先生が授業でくれたテスト対策のプリントを解き始めたが、全くわからない。明らかに、うちの高校のレベルではない問題だと思う。そんなことを思っていると、
「これ、多分違うよー」
と米村さんが言ってきた。
「そうなの?」
「これだと・・・」
そう言って、正しい受動態の英文法の書き方を教えてくれた。
「ありがとう」
「どーいたしまして」
俺は、米村さんのおかげでその先の問題も解けそうな気がした。そして、教えてくれたってことは、多分俺のことを嫌っているってことはなさそうだ。少し安心した。
その後、途中で休憩することなく勉強を続けた。昨日の葛西と勉強した時の十倍くらい勉強が捗った。
英語のプリントをすべて解き終えて、背伸びをしていると、
「そろそろ帰ろうか」
と米村さんが言ってきた。
「そうだね」
外を見ると、夕陽が沈んで真っ暗になっていた。教科書と筆記用具をリュックにしまって図書室を出た。
校舎を出ると、冷たい北風が俺と米村さんを吹きつけた。
「俺、自転車とってくるね」
「わかったー、校門で待ってるね」
俺は、チカチカと点滅している明かりを頼りにして、自転車置き場に行った。寒くて手が振るているから、なかなか鍵穴に鍵が入らない。
自転車を押しながら、米村さんがいる校門に向かった。門を出ようとした瞬間、首筋に何か温かいものが当たった気がする。後ろを振り向くと、米村さんが俺の首筋にコーンポタージュの缶を当てていた。
「温かい?」
「どうしたのこれ?」
「鈴木くんが自転車とりに行ってる間に買ってきた」
「そうだったんだ」
「公園のベンチで一緒に飲もうよ」
俺と米村さんは、学校の近くにある公園ベンチに座ってコーンポタージュを飲み始めた。そういえば、お金を払ってなかった。
「これいくらだった?」
「いいよ、私が勝手にしたことだから」
「そういうわけには・・・」
「いいから」
キッパリと切られてしまった。
「米村さんは優しいね」
そういうと米村さんは、顔を少し赤くした。
「そんなに褒めないでよ」
「だって本当のことじゃん」
「誰にも優しいわけじゃないよ」
「えっ、そうなの?」
こんな俺にも優しくしてくれているから、みんなに優しくしていると思っていた。
「当たり前じゃん、苦手な人にはあからさまに態度に出ちゃうし」
「そうなんだ」
そんな姿を見たことがないから少し驚いた。
「そんな私のこと嫌いになった?」
少し震えた声で米村さんは聞いてきた。
「嫌いになってないよ」
俺は、むしろ嬉しかった。なぜなら、特別扱いされているという優越感を感じられるからだ。

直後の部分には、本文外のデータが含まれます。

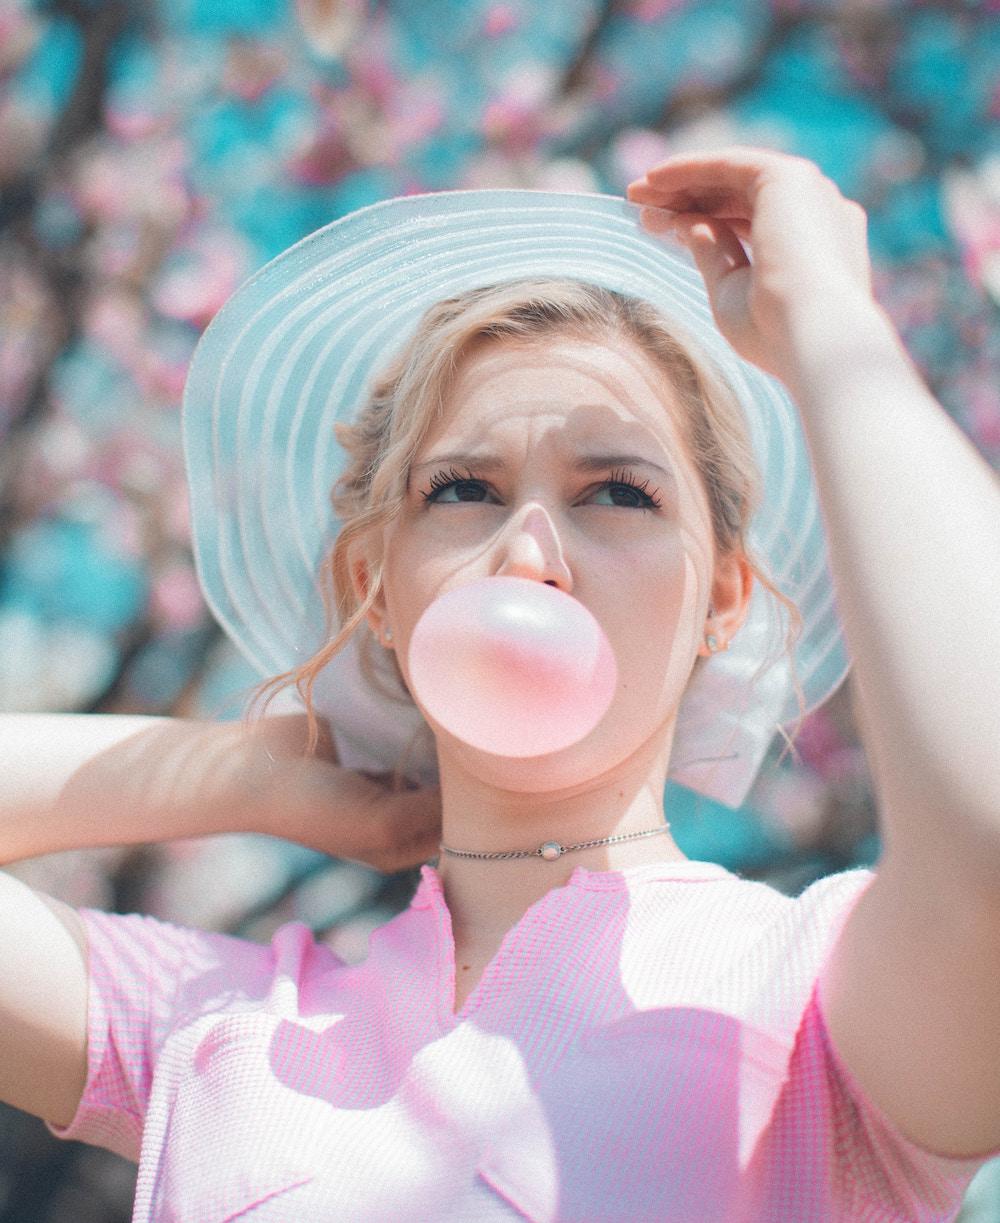 Babor-Skinovage-PX-Vita-Balance-Lipid-Intense-Cream-50ml-abloomnova.net_ 8 tips for younger looking skin

俺は、あまりの寒さにコーンポタージュをすぐに飲み干してしまった。
「思ったより寒いね」
「そうだねー、そろそろ帰ろっか」
ベンチから立ち上がり、家に向かった。
「鈴木くんは、夕飯どうする?」
「特に決めてないよ」
「じゃあ、一緒にファミレス行かない?」
「いいよ」
俺と米村さんは、北風に吹かれながら、ファミレスに向かった。